According to one aspect, in the variable data generating apparatus 1, the variable scoring unit 13 may include the word-level evaluation reference table 15 and the word extraction counting unit 16 as described above. The word-level evaluation reference table 15 includes a level evaluation reference for each of words. The word extraction counting unit 16 extracts, from the text data in the variable groups, a word in common with a word in the word-level evaluation reference table 15, and counts the number of the extracted words. The variable scoring unit 13 scores the data of the group on the basis of the counted number of the extracted words and the level evaluation reference in the word-level evaluation reference table 15. An example of scoring will be described in Example Embodiment 2.
According to one aspect, in the variable data generating apparatus 1, the word extraction counting unit 16 may extract, from the text data in the variable groups, a word in common with a word in the word-level evaluation reference table 15 and a synonym of the word, and count the number of the extracted words. In this case, according to one aspect, the word extraction counting unit 16 may further include the word vectorizing unit 17. In this case, according to one aspect, the word vectorizing unit 17 may vectorize (multidimensionally convert into numerical values) a common word between the variable group text data and the word-level evaluation reference table 15, and the word extraction counting unit 16 may compare a vector of the common word with vectors of other words, and extract a synonym of the common word on the basis of a predetermined reference.
As the word vectorizing unit 17, for example, the word2vec or the like can be used as described above. Hereinafter, vectorization of words will be described with reference to the word “fun”. The word vectorizing unit 17 calculates a feature amount based on, for example, the relationship between “fun” and co-occurrence words thereof, and determines the calculated feature amount as a vector of “fun”. That is, the vector is generated as a variance expression reflecting the definitions and semantic features of the word. Therefore, a word (synonym) similar to “fun” is determined as a vector similar to the vector.
Next, extraction of the synonym will be described with reference to Table 1 below. It is to be noted that, the following Table 1 is an example, and is not limited thereto.

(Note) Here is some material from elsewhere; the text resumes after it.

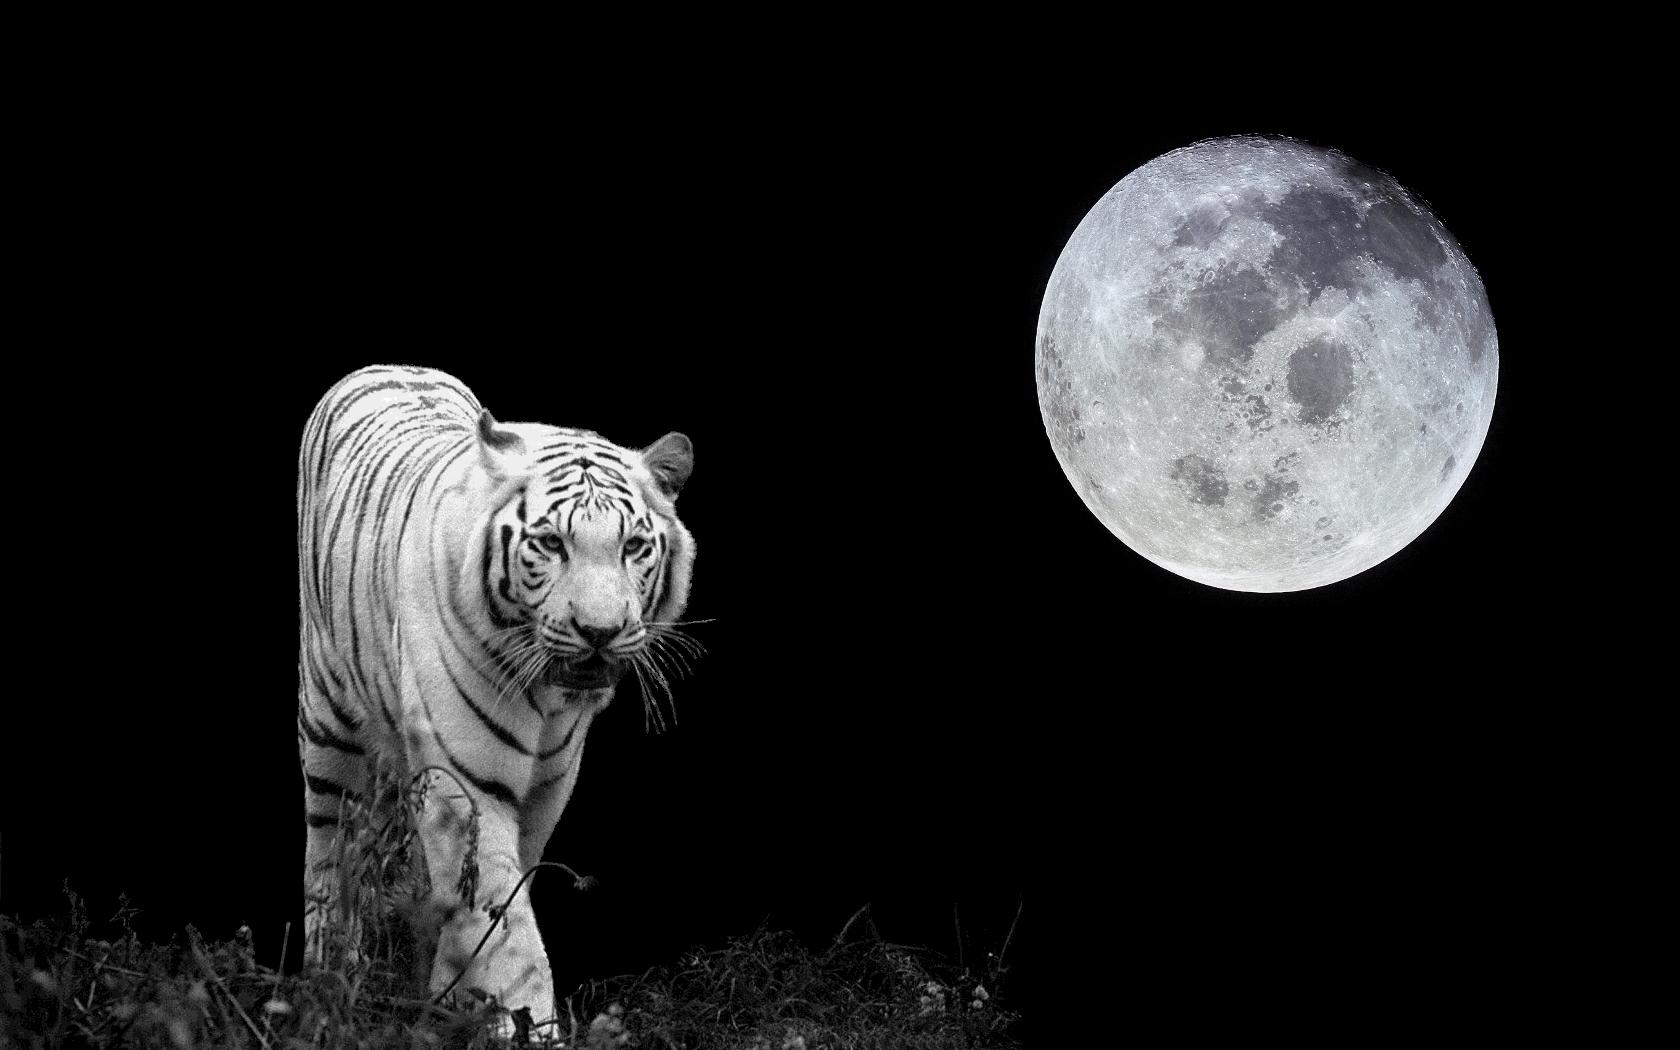 White Tiger Wallpaper Hd Wallpapers Download 1680x1050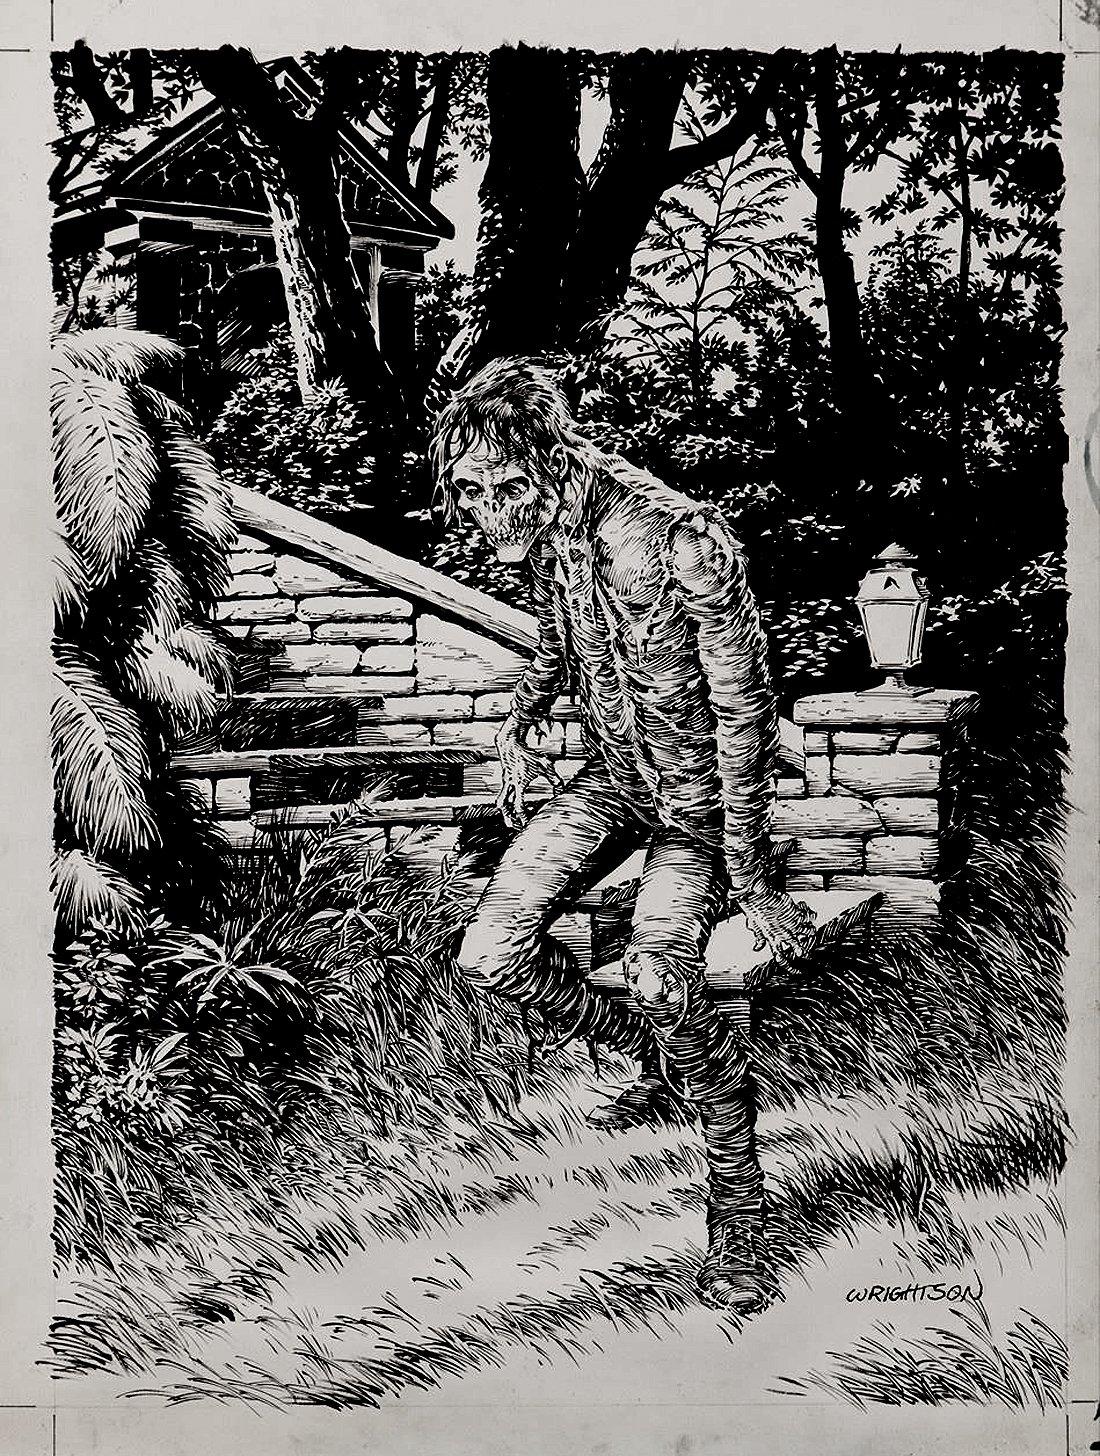 'Gardens of the Dead' Portfolio Cover Art(Large Art)

For extracting the synonym, for example, the word2vec or the like can be used in the same manner as described above.
The word “fun” in the Table 1 is a common word between the variable group text data and the word-level evaluation reference table 15. First, as described above, “fun” is vectorized by the word vectorizing unit 17. Next, the word extraction counting unit 16 compares the vector of “fun” with the vectors of other words. The other words are not particularly limited, and may be, for example, words in the word-level evaluation reference table 15 or words in an external database or the like. In the case of using the words in the word-level evaluation reference table 15, each word is vectorized by the word vectorizing unit 17. On the other hand, in the case of using the words in the external database or the like, each word may be vectorized by the word vectorizing unit 17.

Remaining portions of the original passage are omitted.